Will an index become less efficient as cardinality decreases for values rarely used?-CodePudding

Given a SqlServer customer table with millions of rows and an index on a last_name column, let's assume that over time due to customer requests to have us forget them we take the approach to "anonymize" their data by replacing last_name (and of course any other relevant data) with a static value like "******". We would do this instead of deleting the data b/c there are related data we need to hold on to for auditing and other justifiable business reasons.

Over time, if we found that we were getting a significant percentage of these rows being anonymized in this way, would there be any potential negative impact on overall system performance, assuming that other than the edge case where someone actually queries where last_name starts with an asterisk, the common case is that queries which use this index would be searching for legitimate last names, e.g. where last_name starts with "H"?

For instance, could the internal data structures of the index be affected such that this growing set of records for this ***** value might create a large memory or page object which could cause I/O bottlenecks or other issues in certain situations such as when the database server is under heavy load?

I get that low-cardinality indexes are not new/uncommon, but if we start off with an index with high cardinality and introduce a growing "tumor" of duplicates of the same value, I'm wondering if this might eventually become a concern?

I'm sure there are other/better ways to solve for this, and so happy to hear them if you'd rather attack the deeper issue, but I'd still like to understand the potential impact on the index.

CodePudding user response：

B-Tree indexes are balanced, and their overall structure ( depth ) depends only on the cardinality of the table, the length of the keys and fill percentage of the pages. Therefore, you won't see structural issues as a column's data distribution changes (assuming you're doing proper index maintenance.)

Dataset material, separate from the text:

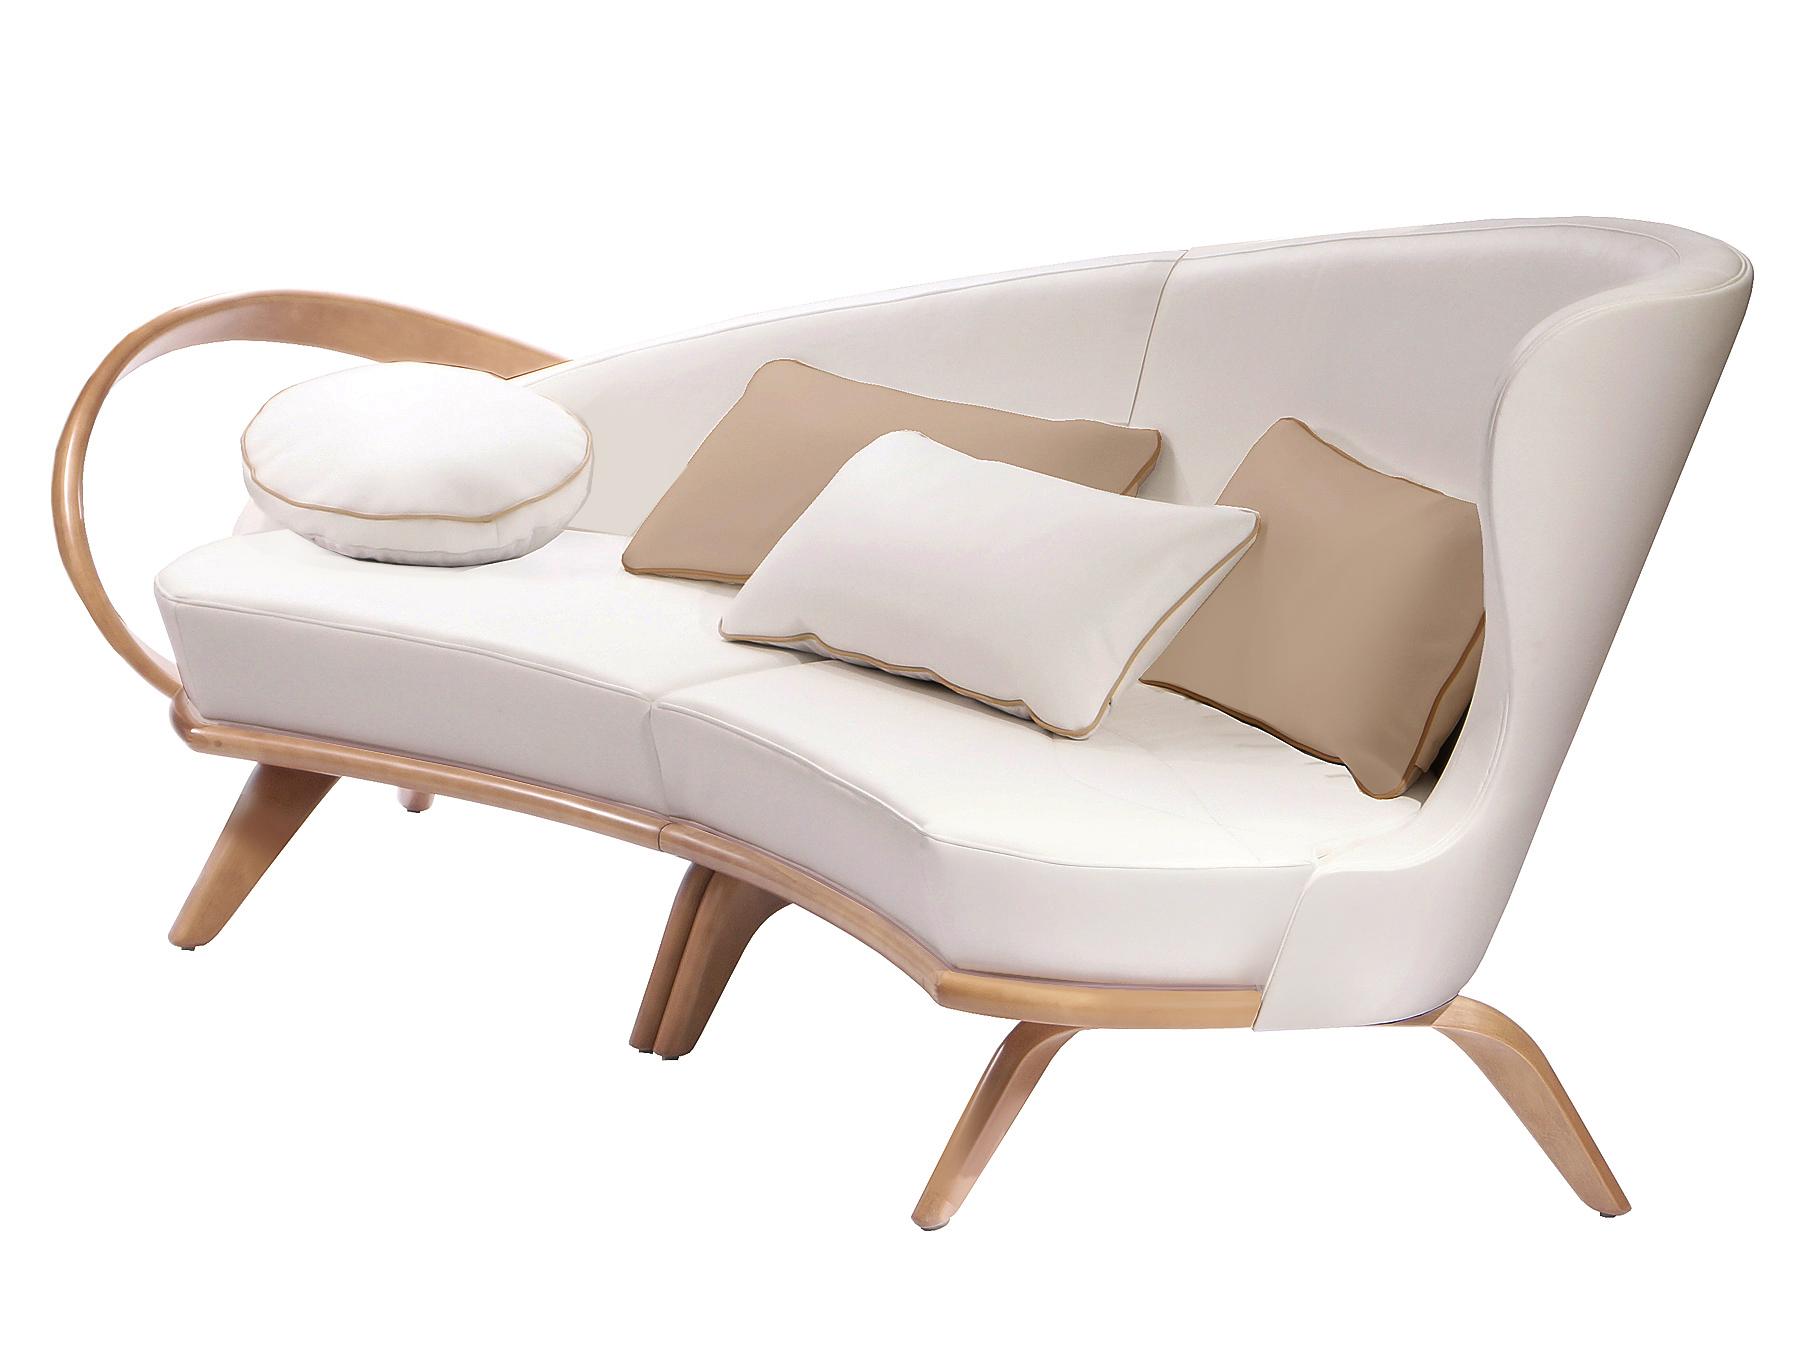 """Диван """"Apriori A""""Трехместные диваны<br>Радиусный диван из асимметричной коллекции ,хорошо сочетается с асимметричным столом журнальным """"brazo"""" . модификации дивана могут быть разных размеров.&amp;lt;div&amp;gt;&amp;lt;span style=&amp;quot;font-size: 14px;&amp;quot;&amp;gt;&amp;lt;br&amp;gt;&amp;lt;/span&amp;gt;&amp;lt;/div&amp;gt;&amp;lt;div&amp;gt;&amp;lt;span style=&amp;quot;font-size: 14px;&amp;quot;&amp;gt;Материал<br>Натуральное дерево/61тон береза выбеленная с эффектом&amp;amp;nbsp;&amp;lt;/span&amp;gt;&amp;lt;div&amp;gt;&amp;lt;div&amp;gt;Обивка <br>Экокожа наппа белая&amp;lt;/div&amp;gt;&amp;lt;/div&amp;gt;&amp;lt;/div&amp;gt;<br><br>Material: Кожа<br>Length см: None<br>Width см: 260<br>Depth см: 105<br>Height см: 95"""

However, this skewed data distribution will cause issues with statistics.

Consider this query: "select ... from Customer where LastName = @p" There is no best plan for all possible values of @p. Some values will return a few rows, some values will return millions.

A filtered index CREATE IX ON CUSTOMER (LastName) WHERE LastName <> '***' partially addresses this issue. The index will only contain interesting rows, hence will be smaller. Some query changes may be required to ensure this new index is actually used... for example select ... from Customer where LastName = @p and LastName <> '***' or select ... from Customer where LastName = @p (option recompile).

SQL Server 2022 (currently unreleased) will introduce "Parameter Sensitive Plan Optimization" which attempts to address this issue as well.